156 A.D.2d 612 | N.Y. App. Div. | 1989
Proceeding pursuant to CPLR article 78 to review a final order and determination of the respondent Thomas F. Hartnett, Commissioner of Labor of the State of New York, dated October 31, 1989, which, after a hearing, found the petitioner in willful violation of Labor Law article 8 and, inter alia, barred it from bidding on or being awarded any New York State public work contract for a period of five years pursuant to Labor Law § 220-b (3) (b).
Adjudged that the petition is granted, on the law, without costs or disbursements, to the extent of annulling so much of the final order and determination as determined that the petitioner willfully violated Labor Law article 8 by (1) underpaying prevailing wages and supplements to the three individuals it classified as "trainees”, and (2) failing to pay or provide prevailing supplements with regard to pension, welfare, annuity and joint educational funds to or on behalf of 28 employees; the petition is denied in all other respects and the determination is otherwise confirmed, the proceeding is otherwise dismissed and the matter is remitted to the respondent for the computation of the amount of the petitioner’s underpayments of non-ERISA supplements in accordance herewith.

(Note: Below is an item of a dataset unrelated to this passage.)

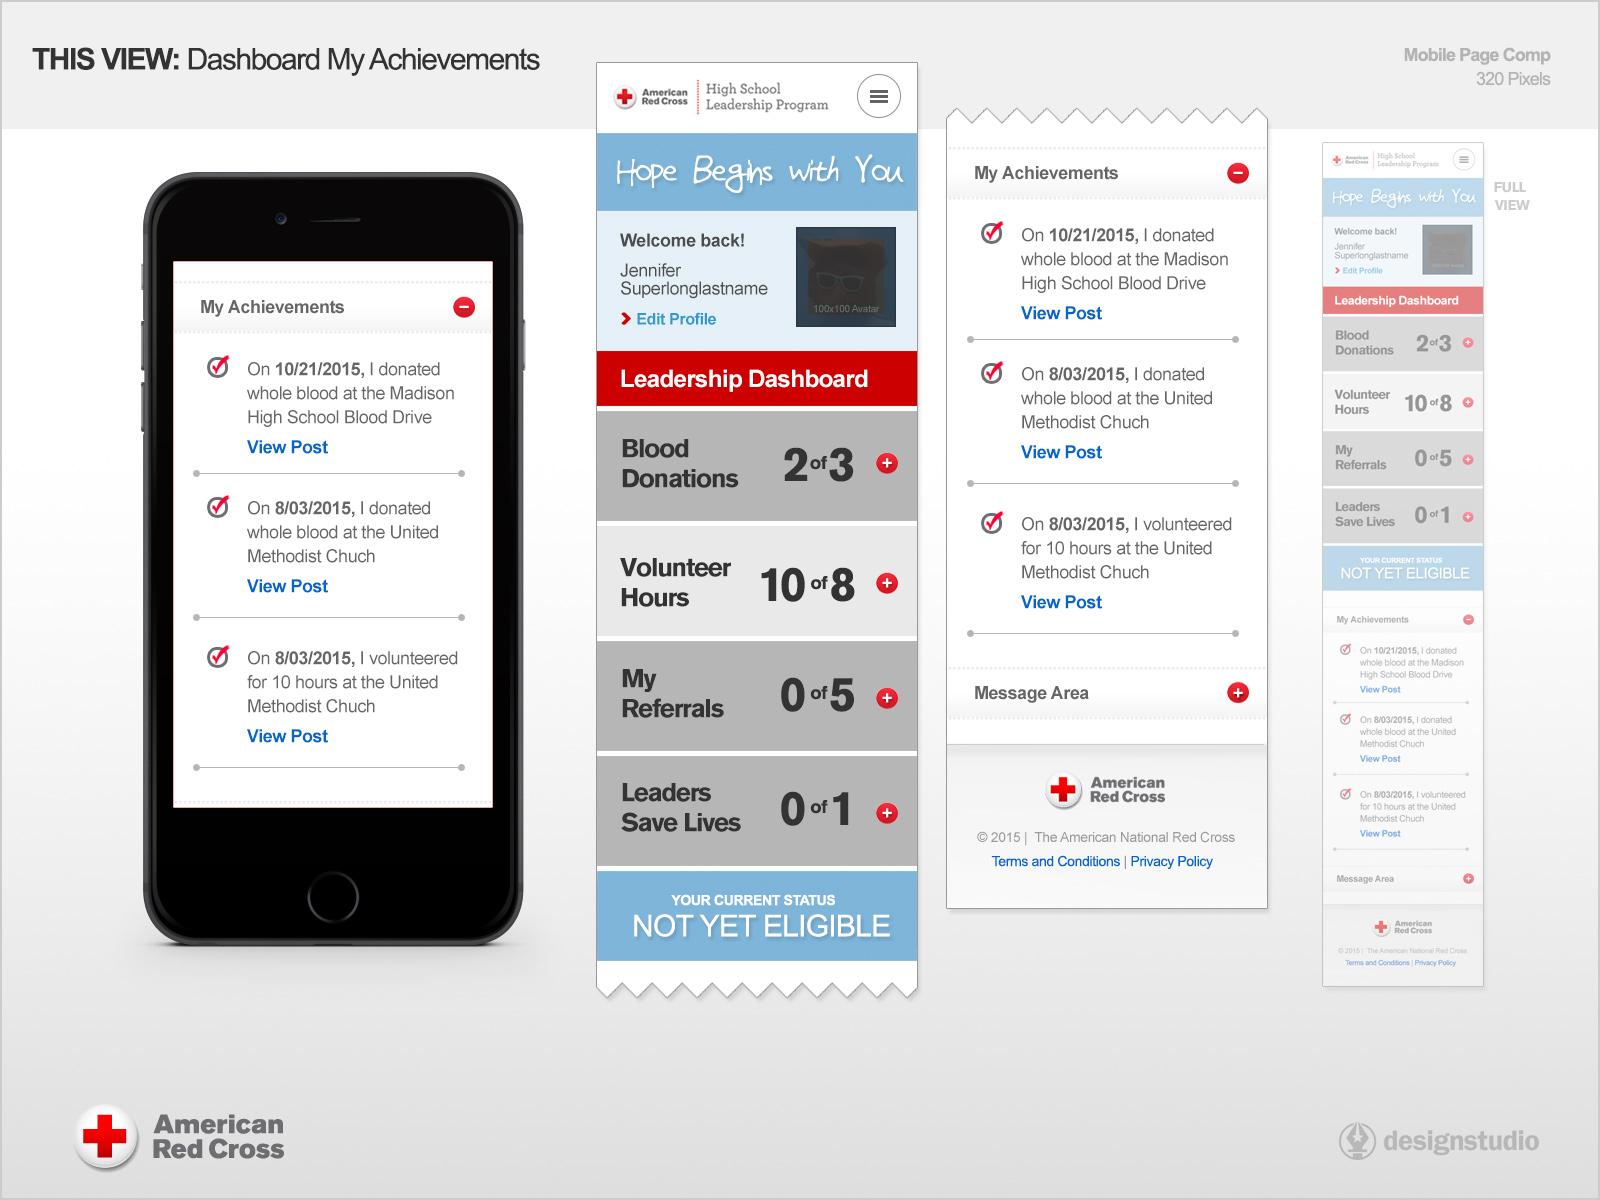 HSL-Mobile+Dashboard-Achievements.jpg

The petitioner entered into a $2,753,799.93 contract with the New York State Department of Transportation on January 18, 1985 to replace lighting on a 12.75-mile section of the Northern State Parkway. The project was funded by both the Federal and State Governments. An investigation by the New York State Department of Labor led to charges being brought
The petitioner maintains that the Employee Retirement Income Security Act of 1974 (hereinafter ERISA; 29 USC § 1001 et seq.) preempts the New York State Labor Law and that, in any event, the Commissioner’s findings that the petitioner willfully violated the Labor Law are not substantiated by the record. Although we agree with the petitioner that the Commissioner’s application of the Labor Law to some of the charges lodged against the petitioner was improper, we conclude that the State statute has not been preempted with regard to the underpayment of vacation and holiday benefits. Since the record supports the Commissioner’s determination that the petitioner violated Labor Law article 8 by underpaying these benefits and that such violation was willful, the petitioner was properly barred from bidding on or being awarded any public work contract in light of the fact that this was the second such final determination rendered against it within six years.

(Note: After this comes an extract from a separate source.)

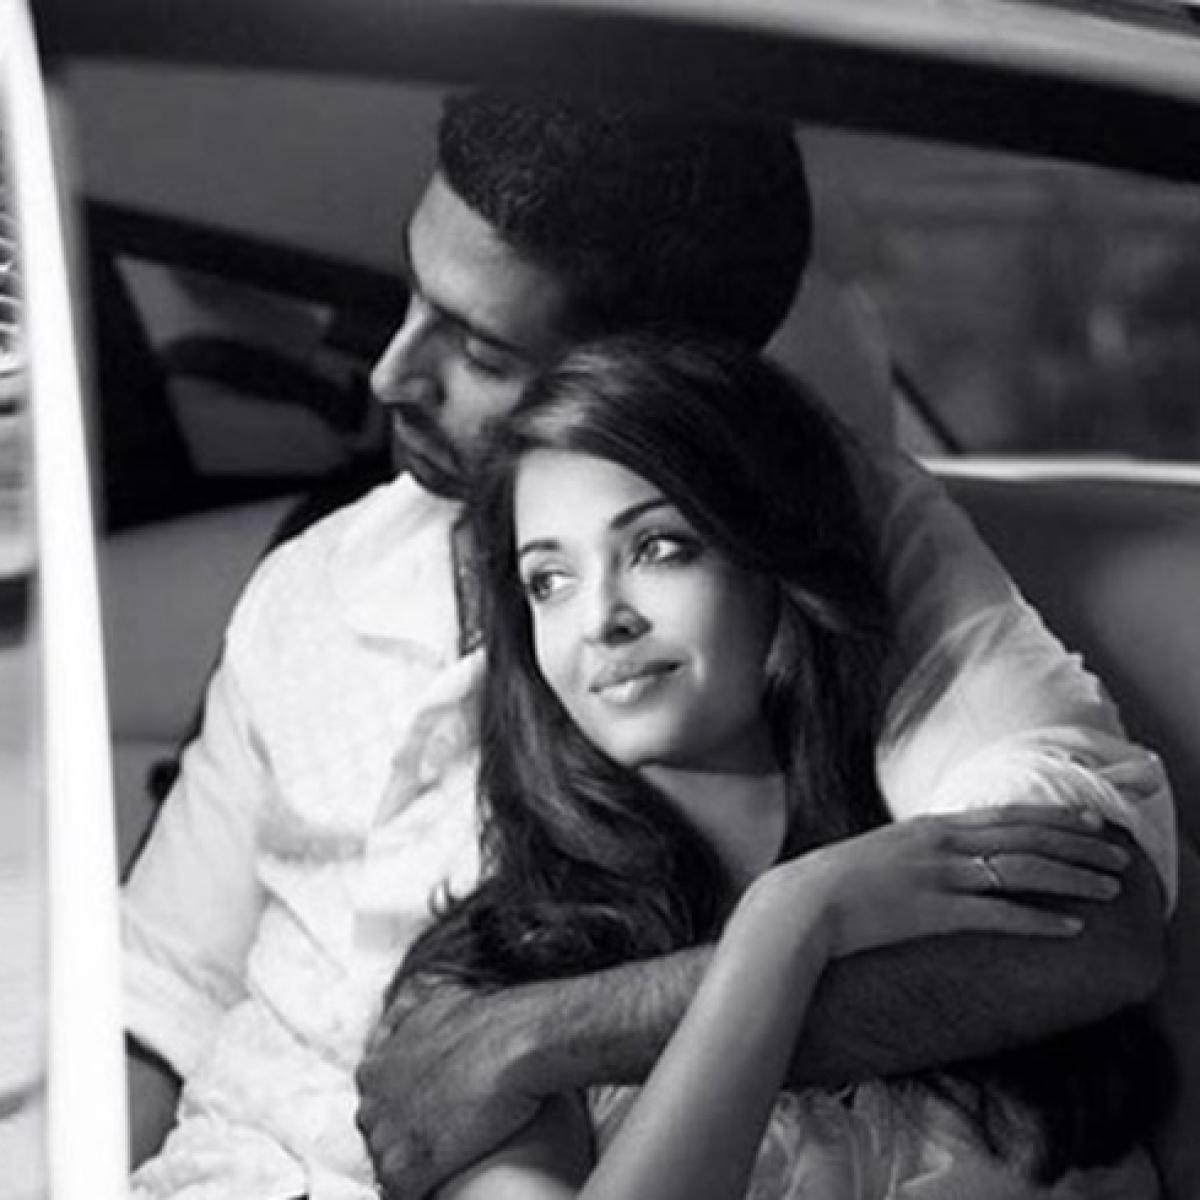 Throwback to Aishwarya Rai and Abhishek Bachchan's spontaneous dance video on 'Dhoom Dhoom'

ERISA preempts "any and all State laws insofar as they
The United States Supreme Court has held that: "[t]he reference to vacation payments in [29 USC § 1002] should be understood to include within the scope of ERISA those vacation benefit funds, analogous to other welfare benefits, in which either the employee’s right to a benefit is contingent upon some future occurrence or the employee bears a risk different from his ordinary employment risk. It is unlikely that Congress intended to subject to ERISA’s reporting and disclosure requirements those vacation benefits which by their nature are payable on a regular basis from the general assets of the employer and are accumulated over time only at the election of the employee” (Massachusetts v Morash, supra, at —, at 1673).
Since the petitioner did not provide its employees with vacation and holiday supplements through a plan but rather, paid them through its payroll, ERISA does not preclude the application of the New York State Labor Law to regulate the rate of such payments (see, Massachusetts v Morash, supra; see also, General Elec. Co. v New York State Dept, of Labor, 891 F2d 25). We further find that there is substantial evidence in the record to support the Commissioner’s determination that the petitioner willfully underpaid the prevailing vacation and holiday rate since the company conceded that it utilized an incorrect formula to compute the rate of pay and because it improperly credited itself for benefits paid over the prevailing supplement for apprenticeship benefits.
We agree with the petitioner, however, that several of its supplement plans were covered and governed by ERISA, namely, the welfare, pension, annuity and joint educational funds, and that the matter must therefore be remitted to the Department of Labor to compute the exact amount of nonERISA supplement underpayments (Massachusetts v Morash, supra; General Elec. Co. v New York State Dept, of Labor,
Although we conclude that certain of the Commissioner’s findings of a willful violation of Labor Law article 8 did not provide a proper basis for his final order and determination of a willful violation pursuant to Labor Law § 220-b (3) (b), we reject the petitioner’s claim that the final order and determination must be annulled in its entirety. As stated previously, we find that the Commissioner properly concluded that the petitioner willfully failed to pay the prevailing supplements for vacations and holidays in violation of Labor Law article 8. Accordingly, the Commissioner’s final order and determination with regard to these matters must be sustained and, since this is the petitioner’s second final order and determination of a willful violation pursuant to Labor Law § 220-b (3) (b) within a consecutive six-year period, debarment is mandatory.
We have considered the petitioner’s remaining contentions and find them to be without merit. Mollen, P. J., Mangano, Thompson, Bracken and Brown, JJ., concur.